You might wonder, “Who cares if a reason travels or gets stuck? I know when I’m thinking clearly.” But the same pattern lurks in everyday reasoning. Suppose your friend tells you over text that they’re at the library, and you conclude they must be in town. Your justification from the text depends on your already trusting that your friend isn’t playing a prank or using a fake location. If you had to prove they’re in town to a skeptical parent who doesn’t trust screenshots, you might find yourself going in a circle.

The transmission puzzle also touches something bigger. When you reason, “I think about water; therefore I’ve had contact with water” — an argument some philosophers have used to study whether we can know the outside world from our thoughts alone — the same kind of circularity pops up. You might need independent knowledge about water already to even have the thought you’re starting with.
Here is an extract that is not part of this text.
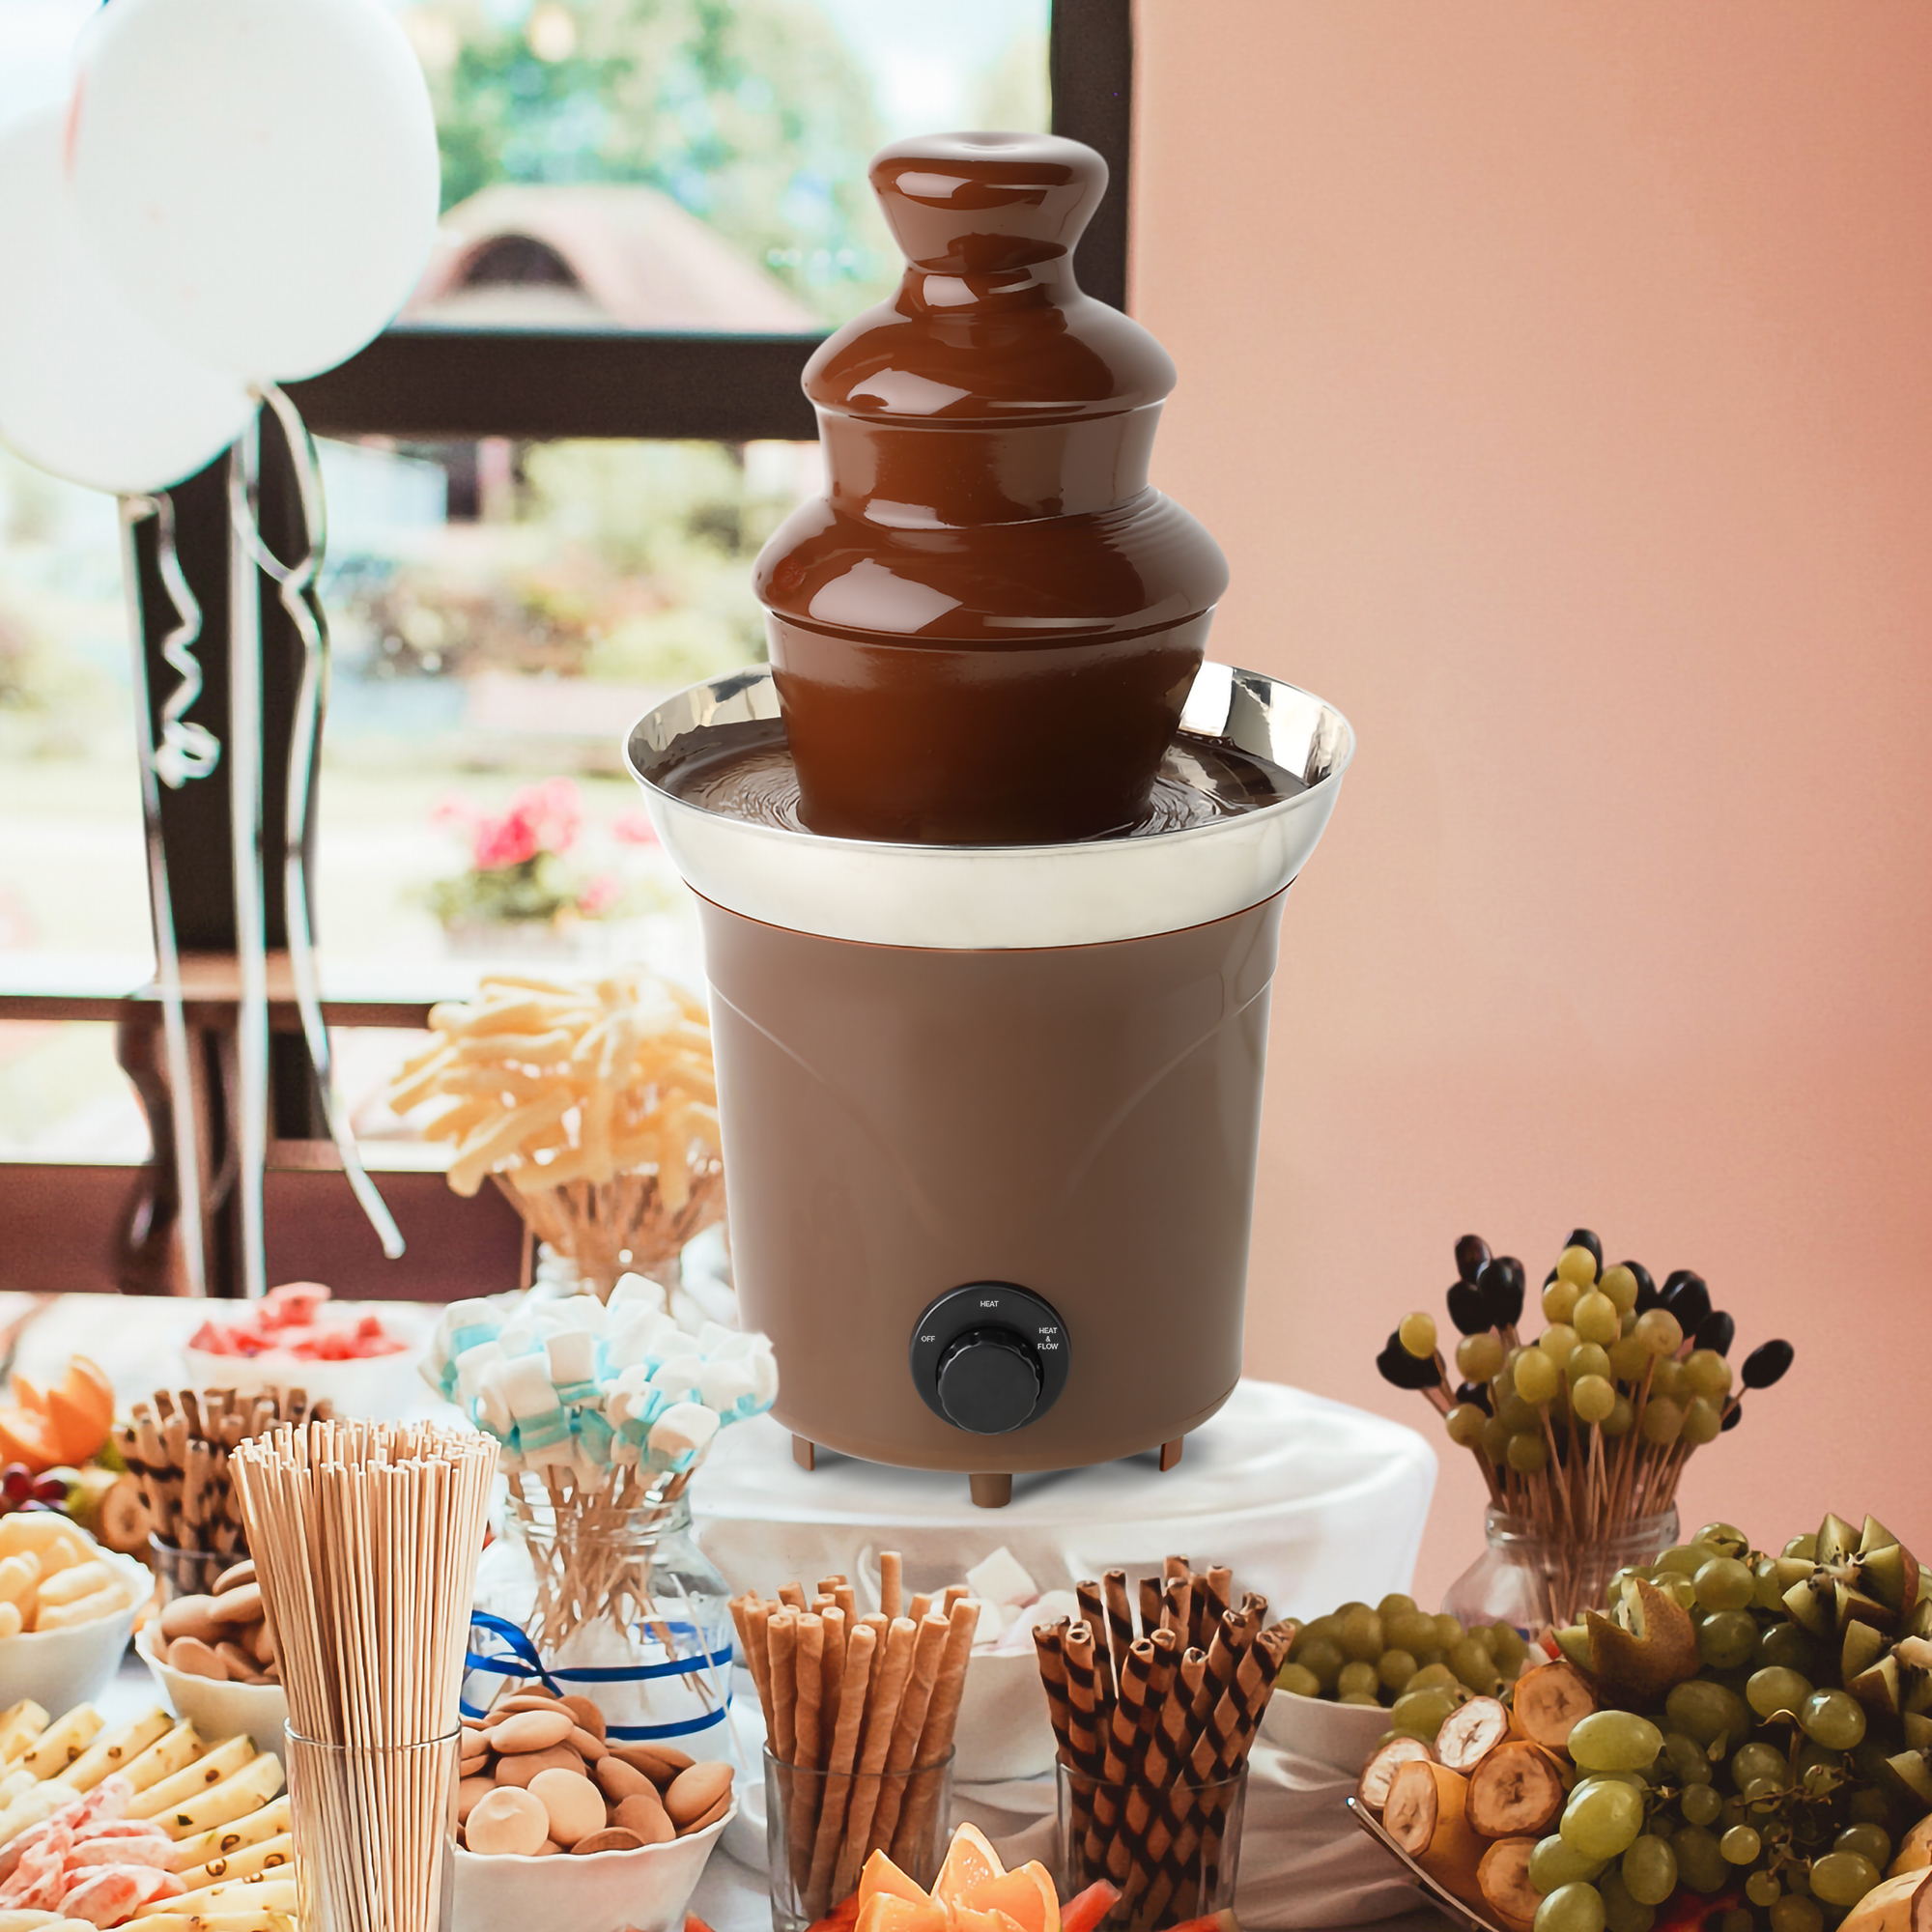 Way to Celebrate 3-Tier Classic Model Compact Chocolate Fondue Fountain - image 1 of 7

So next time you build a chain of reasoning, ask yourself: is my reason for the first step already leaning on the finish line? If you need the last claim to be true before you can trust your first clue, then your proof might be less straightforward than it seems. That doesn’t mean you don’t know that you have hands or that you’re not in Scotland. It just means some paths in reasoning are one-way streets — and some are dead ends.

Think about it

  1. If you see a photo of your friend holding a birthday cake, does that give you a reason to believe they celebrated a birthday — or would you first need to be sure the cake wasn’t just a prop for a joke?
  2. Can you think of a time you trusted an argument, but later realized you had to already accept the conclusion before the evidence could count? What would that mean for whether the argument was a good proof?
  3. Suppose a brain scientist could make you perfectly hallucinate a hand. If you really were seeing a real hand, could you prove you weren’t in the scientist’s lab just by looking? Why or why not?